# How‘s the food?



## InfantryWannabee (24 May 2004)

Hi, I‘m considering joining the CF (as an Infanteer I hope) once I‘m done school. I just wanted to know what the food was like. Could someone who‘s in the CF help me with this? Thanks.


----------



## Sh0rtbUs (24 May 2004)

well, the IMP‘s (Individual Meal Packages) are ok I geuss. personally, i find it difficult to keep alot of the main meals down....but it does the trick when your in the field. Theres also something called a Box lunch. Basically, the mess puts sandwiches/fruit/milk..etc in a box for you. Not meant for the field as it doesnt have a long shelf life, unlike the IMP‘s. Finally, we have Mess Food itself. I absolutely love eating at the mess at Borden, hot food thats not half bad, and plenty of it. Dont worry bout food, the army keeps you fed and makes sure your nutritional needs are met.


----------



## InfantryWannabee (25 May 2004)

Alright, thanks.


----------



## chrisf (25 May 2004)

An army marches on it‘s stomach, and food can make or break moral. Generally, and thankfully, in my experience at least, the Canadian forces have taken this to heart.

Mess food is generally good, some messes are better then others, but over all, most are decent.

I noticed Hay Boxes weren‘t mentioned, this is another food possiblity while in the field. Essentially, they‘re boxes that are loaded with food by the mess, brought into the field, and served to the troops.

Regarding the box lunches, they‘re sort of like the lunch you would have gotten when you were going to school back in grade three...

Regarding the IMPs, rumor is that our ration packs are some of the better ones globally... anyone care to confirm or deny this?

I mean, really, there‘s variety, there‘s plenty of calories, and they aren‘t *that* bad, heck, after a hard day in the field, some of them are pretty darned good (I‘m proud to say I have YET to eat a omlette of any sort)

If nothing else, the meatballs are great.

As a little aside to this thread, how do people usually eat the starch (Rice or potatoe) "side dishes"? Mix them with water or just dump them in the main course?

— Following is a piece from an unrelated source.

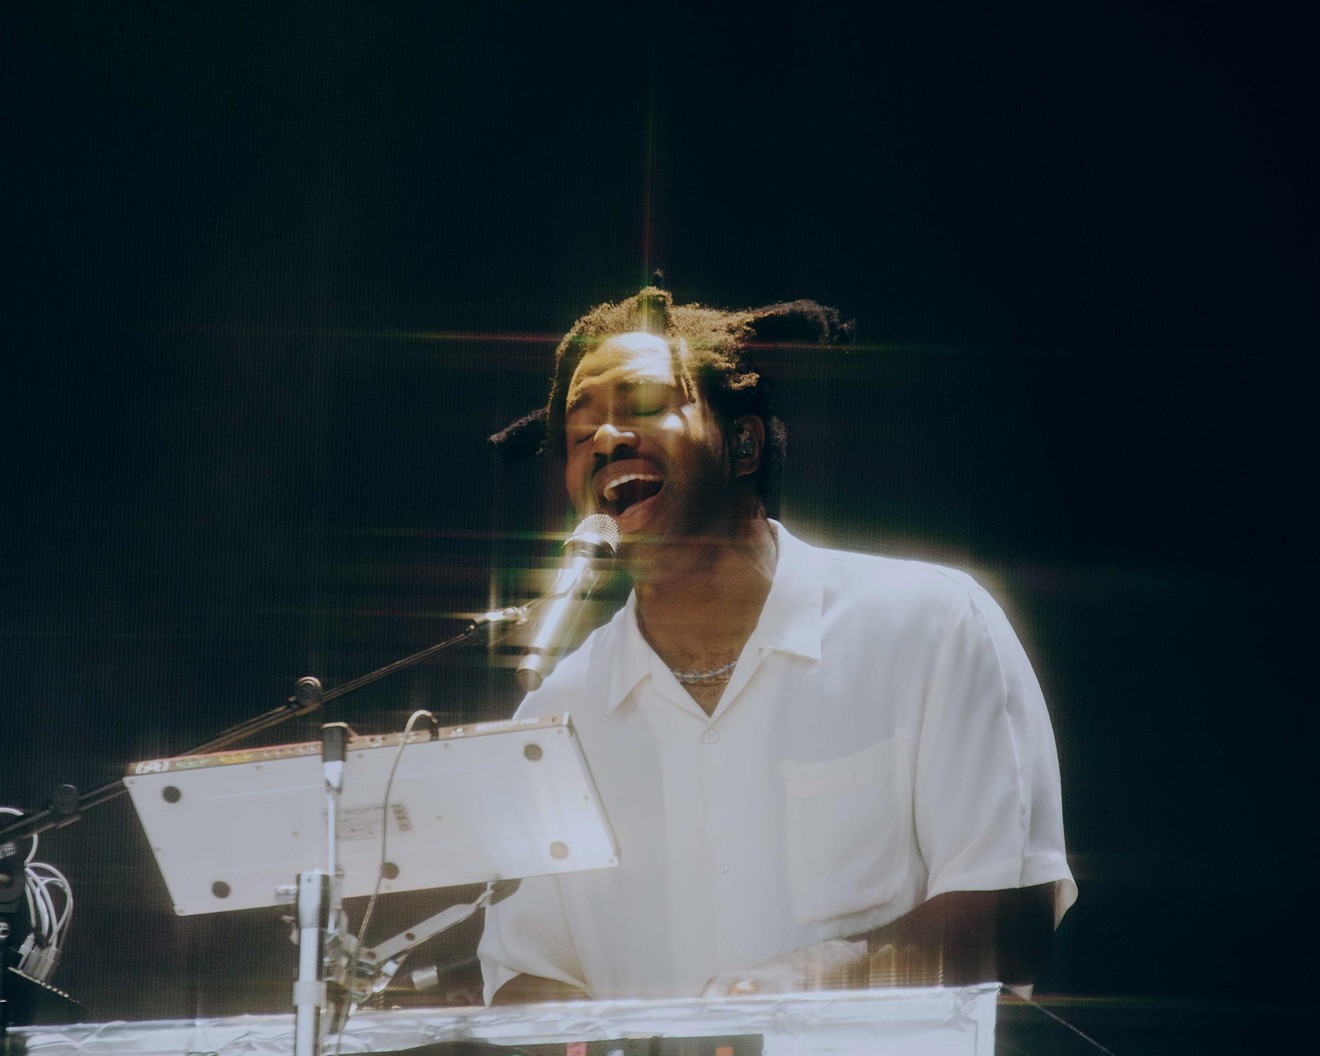 Sampha will perform live at the Miami Beach Bandshell on Tuesday, March 26.

I find actually mixing them with water is far too much trouble.

And can anyone actually eat the buttered rice? I was thinking about disposing of the rice itself and reconstituting the powder as a CLP alternative.


----------



## McInnes (25 May 2004)

some people have trouble keeping IMP‘s down. i think it‘s mostly psychological, something about it looking like dogfood or puke in a bag. i actually think the IMP meals taste really good. except for the baked cherry slab of granite of coarse (sigh).


----------



## sgt_mandal (25 May 2004)

The breakfast sausage and beans are NASTY!!!!!


----------



## Slumsofsackville (25 May 2004)

IMP are grose, I usually Starve in the field, Cant keep them down. Only The Veggitarian meals are good.


----------



## PTE Gruending (25 May 2004)

You can usually wheel and deal with your buddies to get the IMP that you want. I have yet to eat Beef Strogonaff! (Thank God). The IMPs that taste good, are actually really good. And there are usually enough extra‘s in a ration (combined with some snacks that you should take to the field), that you don‘t necessarily have to eat the main portion if it is something gross (ie: Salmon Filet, etc). Particularily, I like the Fruit packets and bars, and the "Petite Pain" is edible with the included jam/honey/peanut butter (errr, which ever one is not carconogenic). Kind of humourous to open up an IMP with stickers on the side saying that the spread of the week is hazardous to your health.
Best IMPs in my opinion; Chili, Turkey Stew, Green Pepper Beef.
Oh, and you know those multi-spice packs you can buy from the supermarket? DO, bring one of these to the field. Not only will you be able to eat whatever the CF throws at you, but you will be the most popular one in your section. A fellow troop on an exercise I attended last week had the foresight to bring a bottle of "Franks Redhot Sauce". This will cover the flavour of ANY crappy meal that you may get.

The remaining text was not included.